__DATASET CONTENT__.
☆ ☆ ☆ ☆ ☆ ☆ ☆

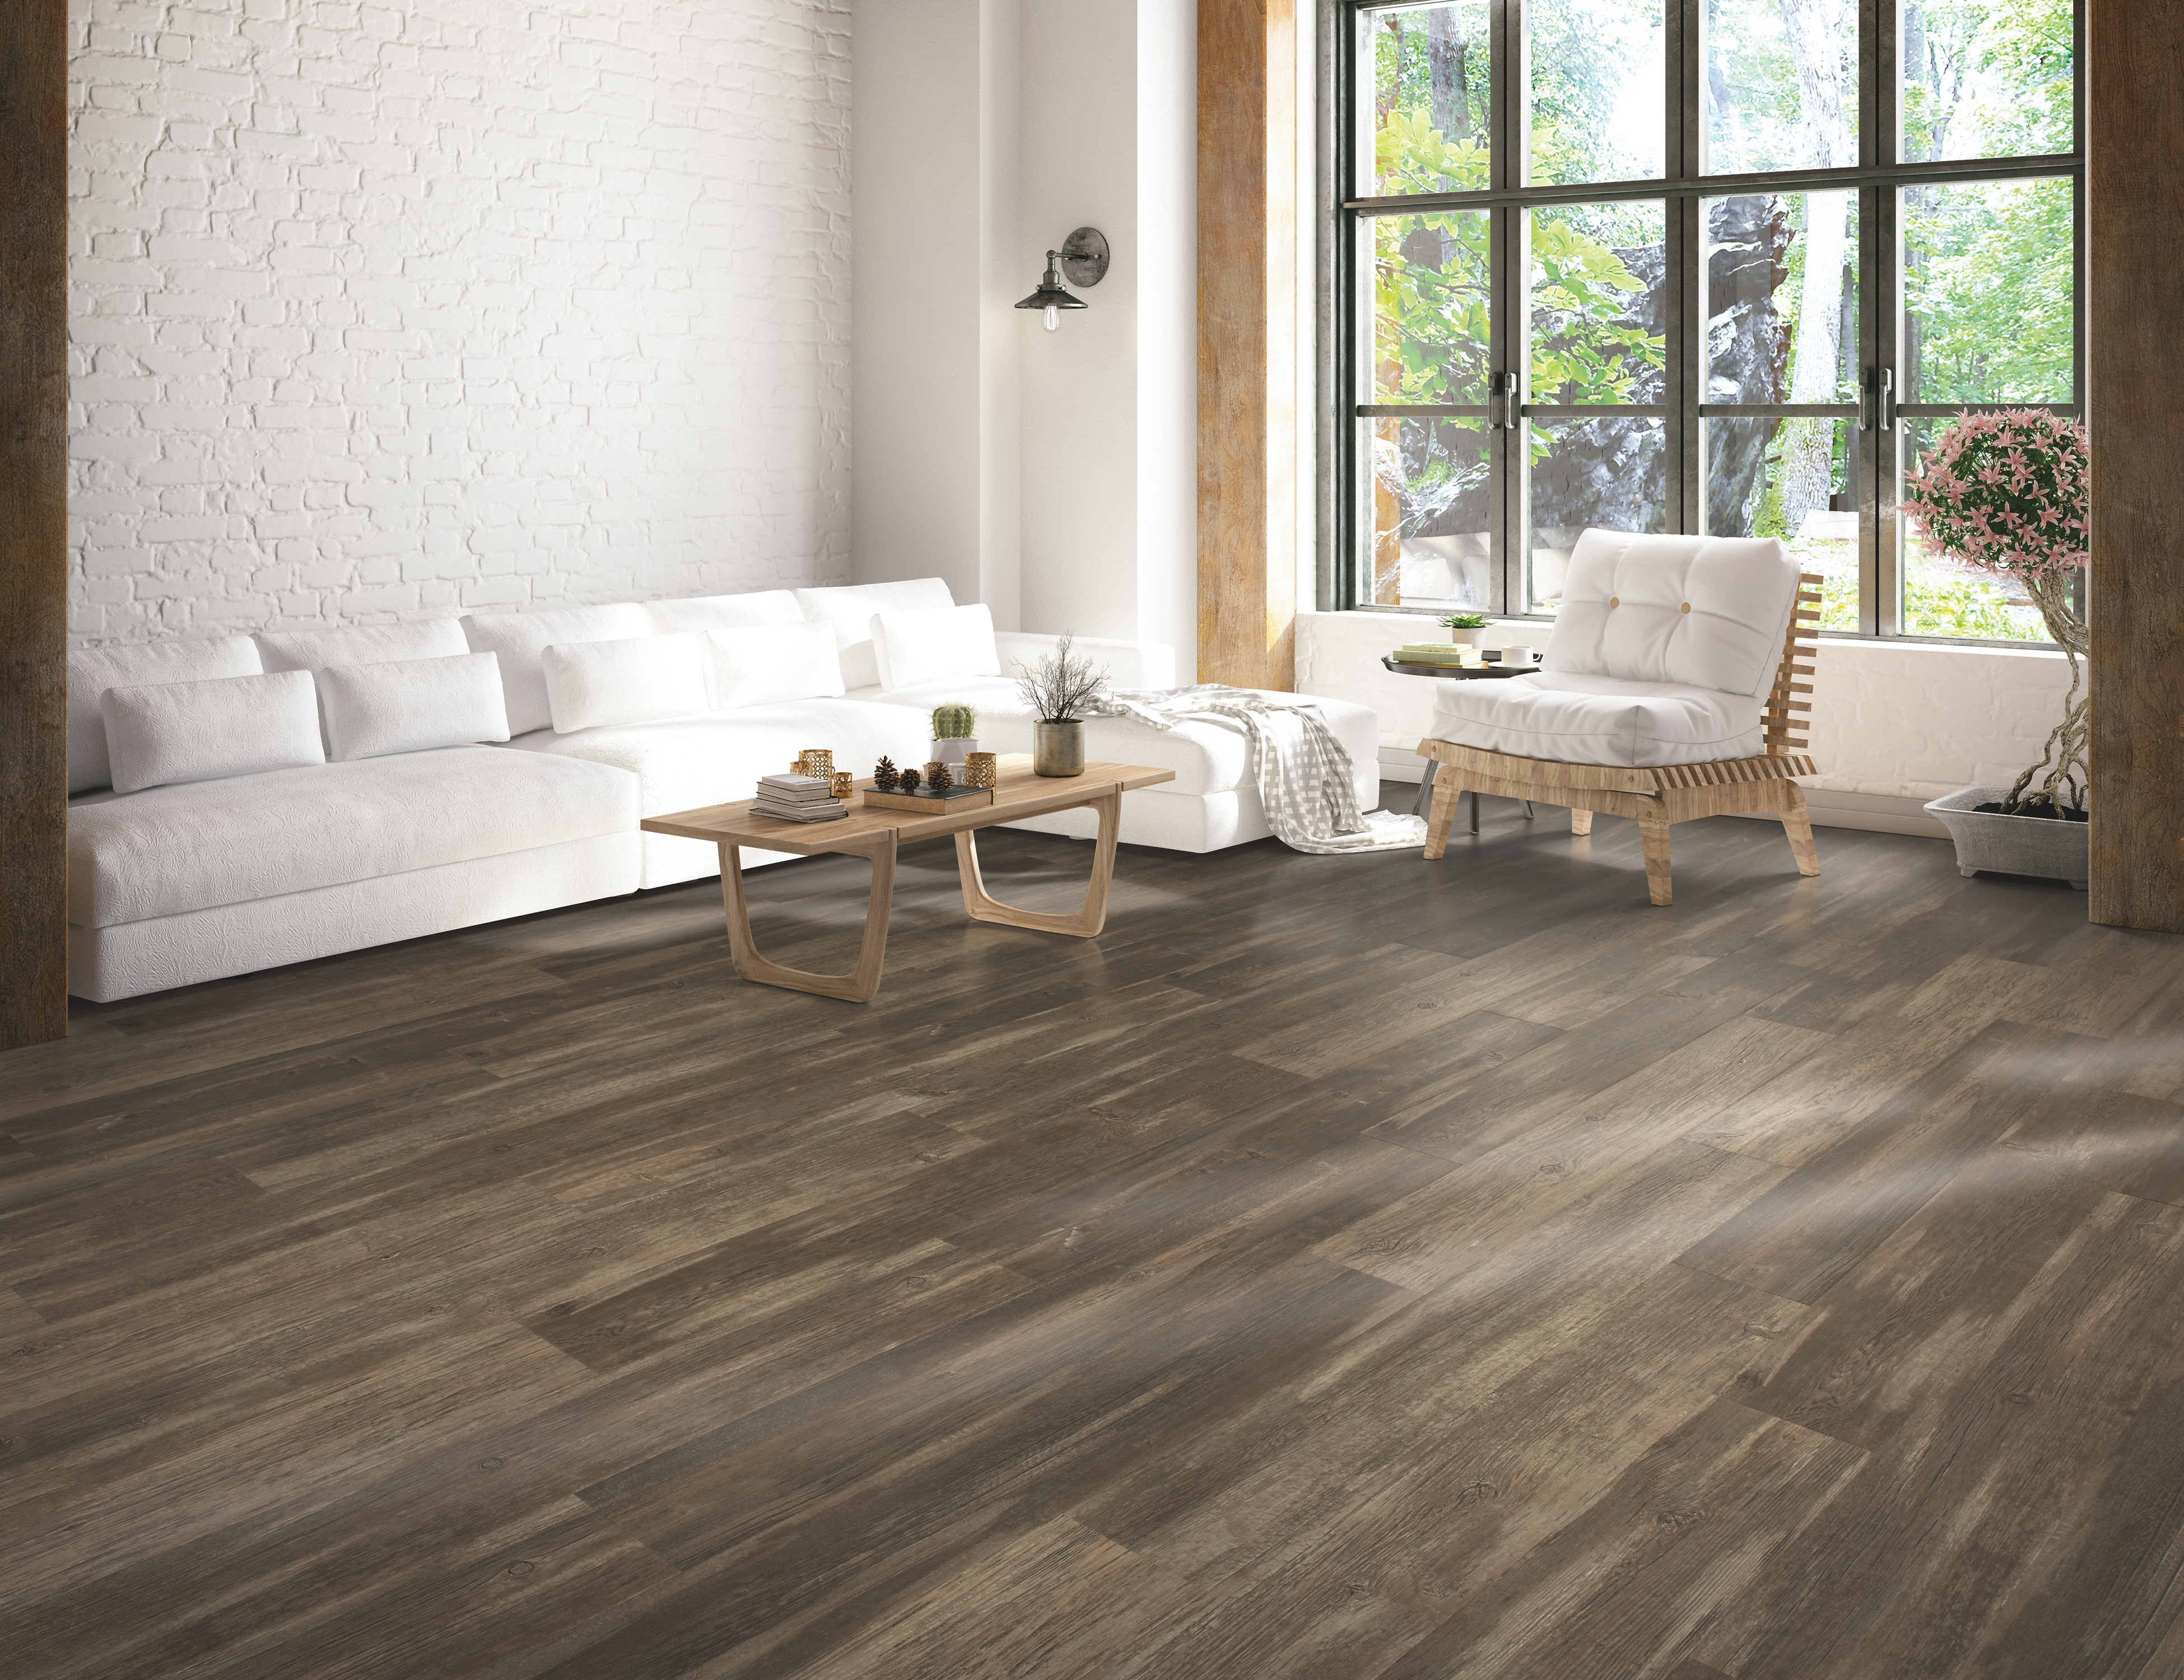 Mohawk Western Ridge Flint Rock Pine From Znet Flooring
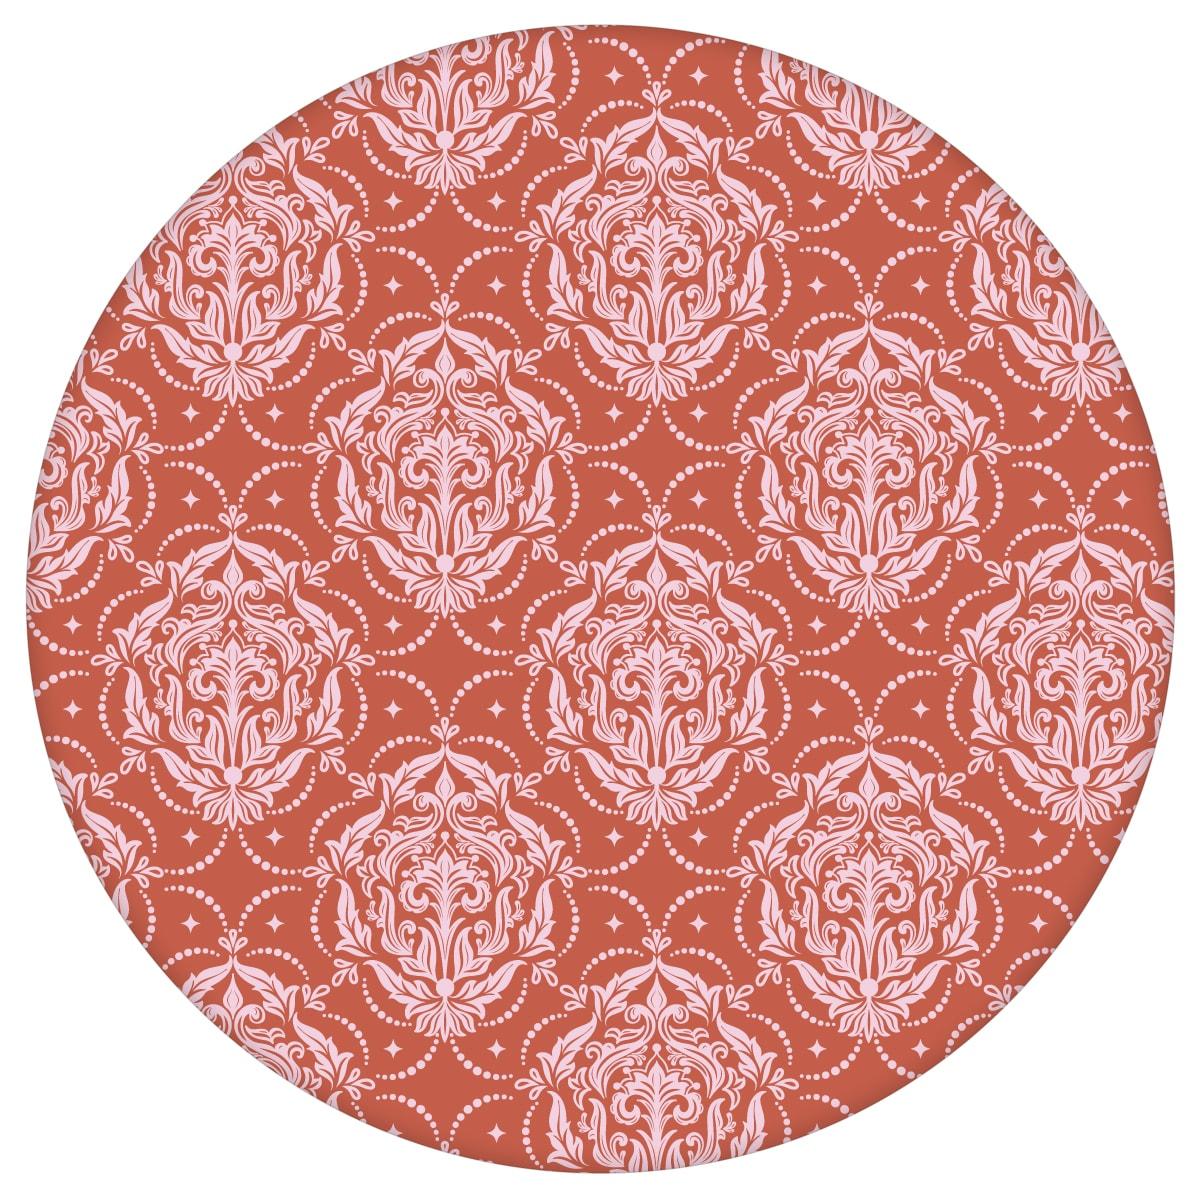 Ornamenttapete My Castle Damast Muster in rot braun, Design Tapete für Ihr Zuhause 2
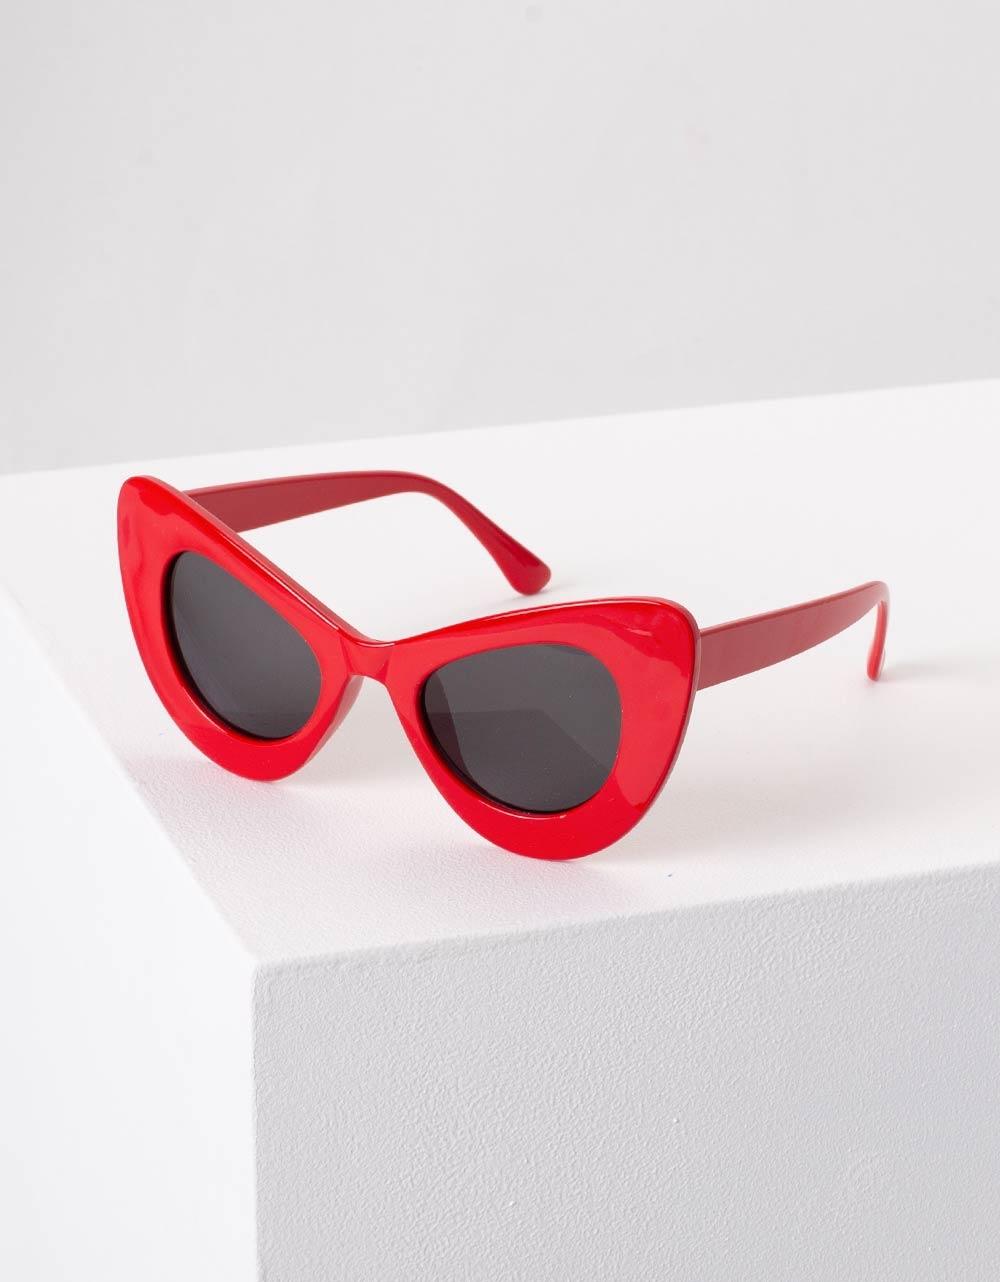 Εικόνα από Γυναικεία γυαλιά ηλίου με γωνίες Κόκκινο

☆ ☆ ☆ ☆ ☆ ☆ ☆

__DIRECTIONS__.
The complete listing must be transcribed verbatim, and all pictures are to be omitted.

__REPLY TO THE TASK__.
 Mohawk Western Ridge Flint Rock Pine From Znet Flooring
 Ornamenttapete My Castle Damast Muster in rot braun, Design Tapete für Ihr Zuhause 2
 Εικόνα από Γυναικεία γυαλιά ηλίου με γωνίες Κόκκινο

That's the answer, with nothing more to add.